2. The method as described in claim 1, characterized in that, Determining the convergent set of each user's feature vector based on all furniture feature vectors specifically includes: Obtain a user feature vector; Determine the convergent value between the user feature vector and all furniture feature vectors; The set of all convergent values is taken as the convergent value set of the user's feature vector; Repeat the above steps to determine the set of approximate values for the remaining user feature vectors.
3. The method as described in claim 1, characterized in that, Based on all the synergies, the target user's hot-start furniture decision domain is determined, specifically including: Determine the feature vector layer of the target user based on all degrees of synergy; The hot-start furniture decision domain for the target user is determined through the feature vector layer.

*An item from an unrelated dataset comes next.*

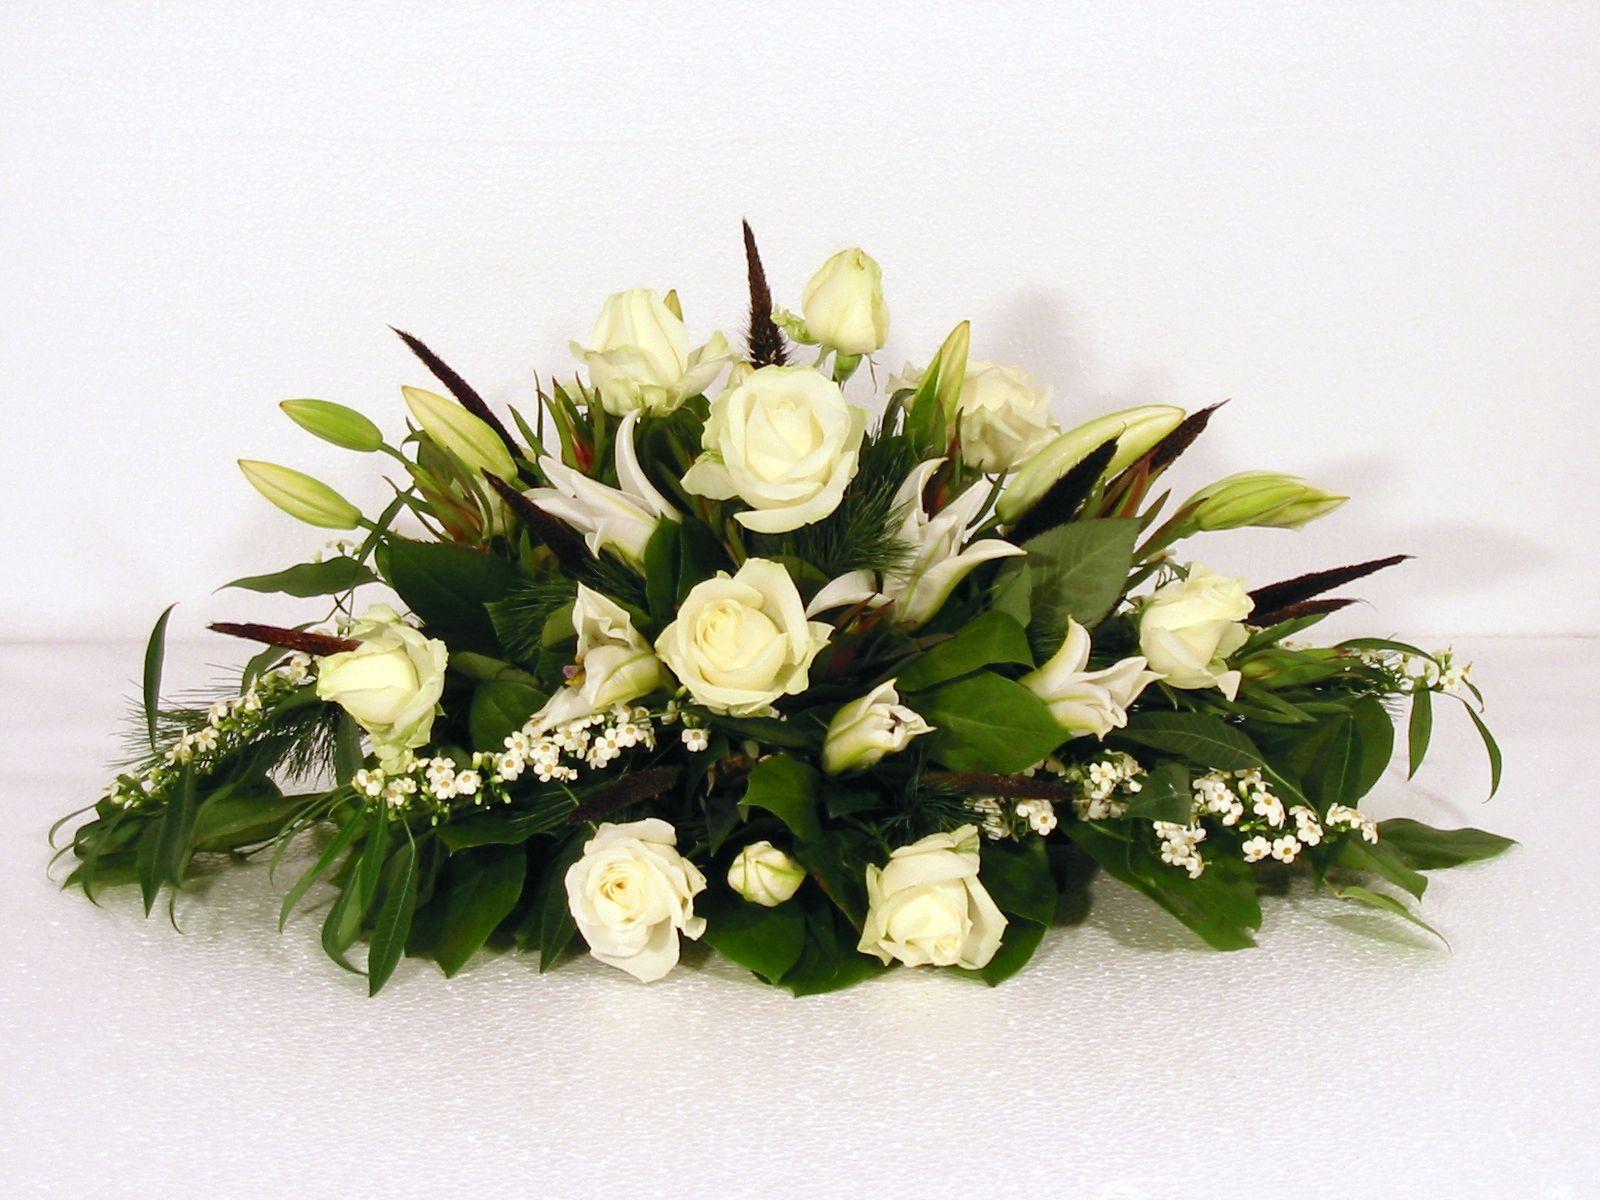 Fiori Retro Macchina #Fiori #Flowers

4. The method as described in claim 1, characterized in that, Adjusting furniture recommendations for the target user based on the adjustment factor for each type of furniture specifically includes: Obtain the adjustment coefficient of one type of furniture in the hot-start furniture decision domain; The recommended furniture grade for this type of furniture is determined based on this adjustment factor; Repeat the above steps to determine the furniture recommendation level of the remaining furniture in the hot-start furniture decision domain; The furniture recommendation information for the target user is adjusted based on the furniture recommendation level of all furniture in the hot-start furniture decision domain.
5. The method as described in claim 4, characterized in that, The specific furniture recommendation level determined based on this adjustment factor includes: Based on the value of the adjustment coefficient, the furniture recommendation level is divided into strong recommendation level, secondary recommendation level, and weak recommendation level, thereby determining the furniture recommendation level of this type of furniture.
6. The method as described in claim 1, characterized in that, The basic characteristics of each listed piece of furniture and the basic characteristics of each registered user in the shared database of the furniture platform are used as the shared data in the furniture platform.
7. The method as described in claim 1, characterized in that, The feature vector composed of the basic features of a piece of furniture in the specified furniture platform is used as the feature vector of the furniture.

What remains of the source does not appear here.